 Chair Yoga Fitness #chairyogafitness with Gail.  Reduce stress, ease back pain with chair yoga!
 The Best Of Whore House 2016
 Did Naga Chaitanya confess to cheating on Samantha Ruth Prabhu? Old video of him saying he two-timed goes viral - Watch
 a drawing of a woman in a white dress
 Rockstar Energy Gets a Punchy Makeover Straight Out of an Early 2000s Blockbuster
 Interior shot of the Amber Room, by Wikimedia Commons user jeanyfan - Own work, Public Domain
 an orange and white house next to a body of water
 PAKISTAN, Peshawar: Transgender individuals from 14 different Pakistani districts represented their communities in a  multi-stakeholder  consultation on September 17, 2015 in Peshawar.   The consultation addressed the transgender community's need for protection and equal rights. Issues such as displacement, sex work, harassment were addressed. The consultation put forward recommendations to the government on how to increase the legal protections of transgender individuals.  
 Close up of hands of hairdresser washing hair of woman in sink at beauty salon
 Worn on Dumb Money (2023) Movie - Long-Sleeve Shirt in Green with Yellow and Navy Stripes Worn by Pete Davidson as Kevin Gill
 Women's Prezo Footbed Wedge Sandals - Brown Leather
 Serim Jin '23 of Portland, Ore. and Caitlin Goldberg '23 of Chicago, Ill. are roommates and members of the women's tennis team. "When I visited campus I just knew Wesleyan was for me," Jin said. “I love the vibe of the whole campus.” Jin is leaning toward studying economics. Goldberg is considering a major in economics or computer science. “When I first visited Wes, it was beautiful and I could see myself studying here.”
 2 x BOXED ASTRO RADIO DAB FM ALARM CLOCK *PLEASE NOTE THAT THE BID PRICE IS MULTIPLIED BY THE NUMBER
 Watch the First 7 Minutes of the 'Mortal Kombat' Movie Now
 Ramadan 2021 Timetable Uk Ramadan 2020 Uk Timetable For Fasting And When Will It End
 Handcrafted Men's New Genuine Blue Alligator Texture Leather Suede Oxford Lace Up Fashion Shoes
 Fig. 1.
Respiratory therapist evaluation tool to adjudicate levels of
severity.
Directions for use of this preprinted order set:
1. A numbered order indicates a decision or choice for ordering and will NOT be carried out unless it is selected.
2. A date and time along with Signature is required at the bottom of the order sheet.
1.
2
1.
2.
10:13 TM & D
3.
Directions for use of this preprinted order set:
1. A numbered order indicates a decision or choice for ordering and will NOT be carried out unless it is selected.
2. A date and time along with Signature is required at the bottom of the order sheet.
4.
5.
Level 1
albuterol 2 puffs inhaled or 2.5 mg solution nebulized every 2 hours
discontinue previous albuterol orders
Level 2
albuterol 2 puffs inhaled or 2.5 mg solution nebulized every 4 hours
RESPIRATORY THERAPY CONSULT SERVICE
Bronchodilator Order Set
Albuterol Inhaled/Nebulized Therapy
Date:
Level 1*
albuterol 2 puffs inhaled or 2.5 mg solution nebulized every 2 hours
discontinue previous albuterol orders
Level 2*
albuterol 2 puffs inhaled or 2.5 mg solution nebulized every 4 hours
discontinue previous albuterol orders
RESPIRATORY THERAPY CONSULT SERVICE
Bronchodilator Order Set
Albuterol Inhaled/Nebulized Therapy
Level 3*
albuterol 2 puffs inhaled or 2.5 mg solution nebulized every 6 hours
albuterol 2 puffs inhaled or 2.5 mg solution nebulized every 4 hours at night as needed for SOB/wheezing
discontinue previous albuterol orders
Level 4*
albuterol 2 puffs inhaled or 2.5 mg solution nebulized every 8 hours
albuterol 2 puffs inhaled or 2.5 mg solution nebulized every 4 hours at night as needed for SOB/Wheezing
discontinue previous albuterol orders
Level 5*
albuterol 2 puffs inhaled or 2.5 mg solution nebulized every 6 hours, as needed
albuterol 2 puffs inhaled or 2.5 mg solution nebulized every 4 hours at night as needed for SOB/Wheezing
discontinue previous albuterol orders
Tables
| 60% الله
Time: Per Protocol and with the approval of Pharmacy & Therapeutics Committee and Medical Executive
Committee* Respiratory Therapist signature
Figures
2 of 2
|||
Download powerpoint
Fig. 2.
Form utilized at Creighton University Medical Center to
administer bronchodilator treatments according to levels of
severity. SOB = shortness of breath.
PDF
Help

··········

### EXERCISE OBJECTIVE:
Copy out each line of the data that includes the string "solution".

### EXERCISE ANSWER:
albuterol 2 puffs inhaled or 2.5 mg solution nebulized every 2 hours
albuterol 2 puffs inhaled or 2.5 mg solution nebulized every 4 hours
albuterol 2 puffs inhaled or 2.5 mg solution nebulized every 2 hours
albuterol 2 puffs inhaled or 2.5 mg solution nebulized every 4 hours
albuterol 2 puffs inhaled or 2.5 mg solution nebulized every 6 hours
albuterol 2 puffs inhaled or 2.5 mg solution nebulized every 4 hours at night as needed for SOB/wheezing
albuterol 2 puffs inhaled or 2.5 mg solution nebulized every 8 hours
albuterol 2 puffs inhaled or 2.5 mg solution nebulized every 4 hours at night as needed for SOB/Wheezing
albuterol 2 puffs inhaled or 2.5 mg solution nebulized every 6 hours, as needed
albuterol 2 puffs inhaled or 2.5 mg solution nebulized every 4 hours at night as needed for SOB/Wheezing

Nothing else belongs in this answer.